A couple of weeks ago I had a weak 5-frame nuc abscond. When I opened it up, I saw a layer of SHB larvae in the solid bottom board: they could not get out because of a robber screen. I also saw slimed frames such as the one in your photo. I fired up the grill with some pine straw and scraped all the larvae on the bottom board on it: very satisfying. In addition, I froze those frames and eventually I will give them to a strong hive a few at a time to clean them up. I would think that your hive will soon abscond, and if not, that they are queenless.
Stavros


----------



## JRG13 (May 11, 2012)

Looks like SHB larve, but hard to tell from the pic, maybe wax moth or both.


----------



## Lt Dan (May 15, 2012)

When I opened the hive . I today there were SHB running all over the place. So I scraped all the larvae off the bottom board into a fire then reassembled the hive with the least affected frames and put the rest in the freezer.

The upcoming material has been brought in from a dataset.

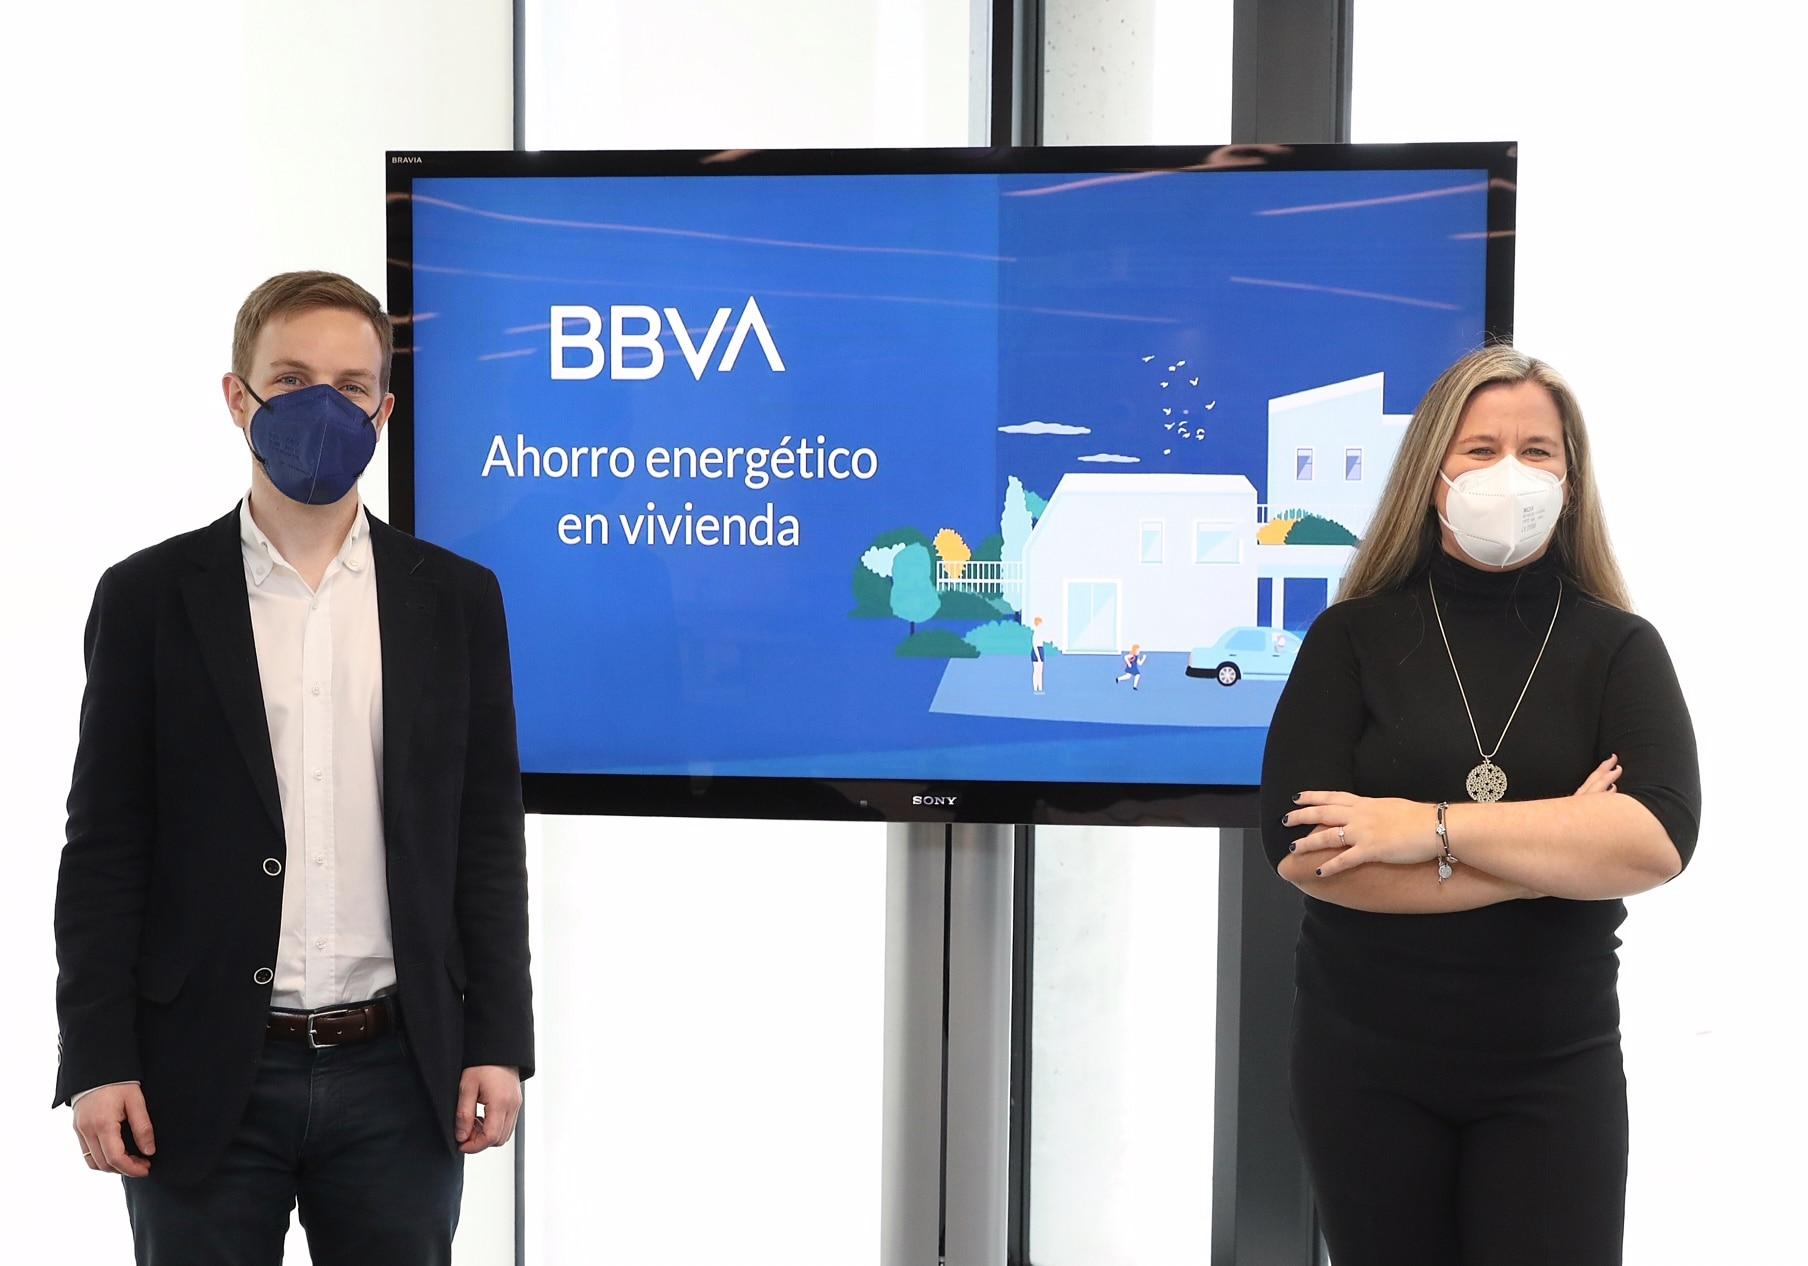 presentacion-ahorro-energetico-vivienda-bbva

It is back down to 5 frames but it looks like less bees than the package that started it and I see no queen and no eggs or brood. I think I have lost this one.


----------



## AstroBee (Jan 3, 2003)

Definitely SHB. I agree, sounds like the bees lost this fight. You need to assess whether you still have a queen. Even so, without immediate infusion of more bees this small hive may still not make it. Small colonies at this time of year in the south are a BIG challenge. The goal is to get your bees built up ahead of the SHB so that they can adequately defend themselves as populations of SHB rise in late summer.


----------



## Beewildered61 (Apr 5, 2012)

I just lost one hive around July 4th to SHB  The queen lived and they went to a limb for a few days before disappearing...
I immediately bought a Freeman beetle trap, and there are many dead beetles in it every time I check it. I can stand by the hive entrance in the evening and watch several SHB flying around the hive trying to get in. Of course I snatch them out of the air and kill them if at all possible. I HATE SHB with a passion, hopefully I learned my lesson, it will be a cold day down under before I let them get another of my hives.


----------